Trucking Accidents and Bad Weather

It is well known that large tractor-trailer trucks are very difficult to stop even when being operated prudently. Because of the weights on large tractor-trailers, if a tractor-trailer needs to suddenly stop for whatever reason, it takes much longer for the truck to stop than it would for the ordinary passenger vehicle. It is for this reason that regulations exist requiring trucks to slow down in inclement weather. Wet roads result in greater stopping distances for large tractor-trailer vehicles and thus, if it is raining, a prudent truck driver should slow his truck down one-third (1/3) of the normal speed. This is required by regulation and is required by common sense and safety considerations for the motoring public. Regrettably, far too often, truck drivers because of the need to deliver their loads and due to the economic pressures upon them, fail to slow down during inclement weather with the predictable result that accidents, which otherwise could have been avoided, occur with greater frequency.

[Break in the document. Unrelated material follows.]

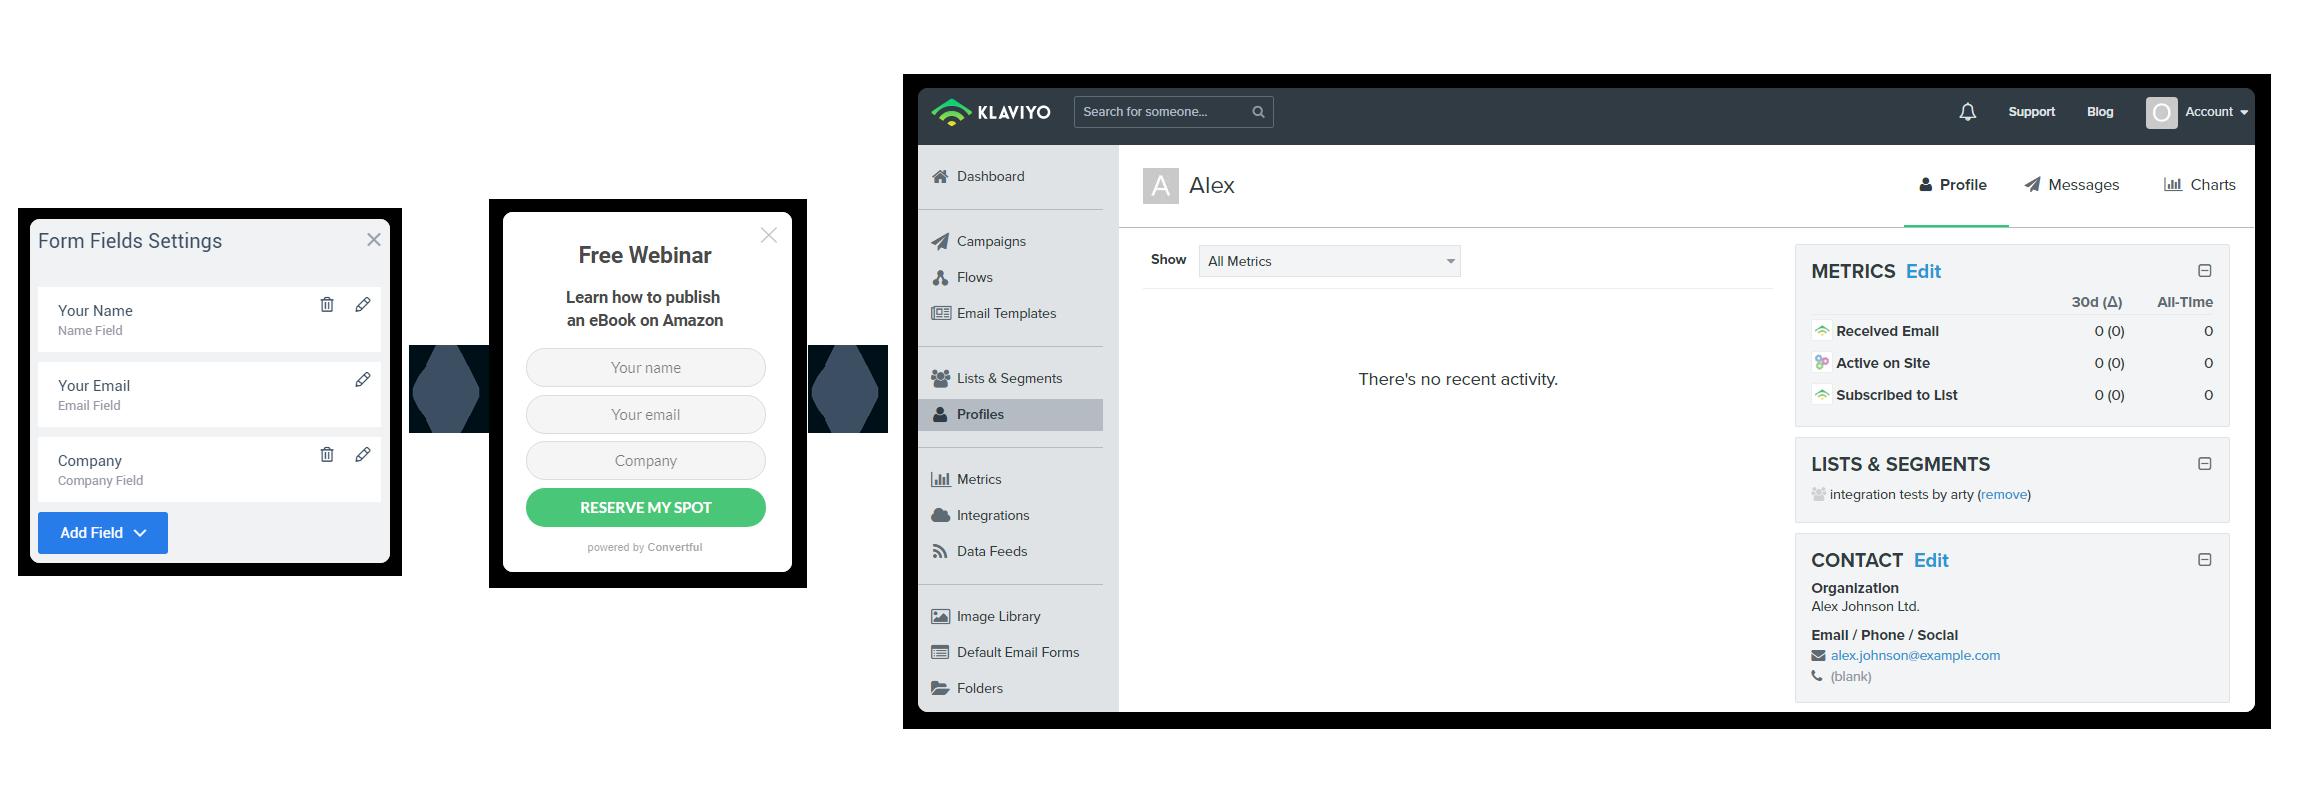 Klaviyo custom fields support

All drivers regardless of whether they are operating passenger vehicles or tractor-trailer rigs need to slow down in inclement weather, whether it be wet weather, snowy weather or a mixture of sleet and rain. The fact is that such conditions are known to be dangerous to all drivers. Commercial drivers having a special license and being professionally employed to driver large trucks, which are harder to stop, have an extra special duty of care under such circumstances. Regrettably, we have seen first hand here at our firm far too many cases where innocent third parties are seriously injured or killed when truck drivers fail to slow down during inclement weather thus, causing significant carnage on the road when they plow into other cars impacted by their negligence. There is a reason we see signs that say “Speed Kills.” Speed during inclement weather kills more often thus, the need to slow down and the rationale for the regulations requiring a reduction in speed by one-third (1/3) of that typically in place.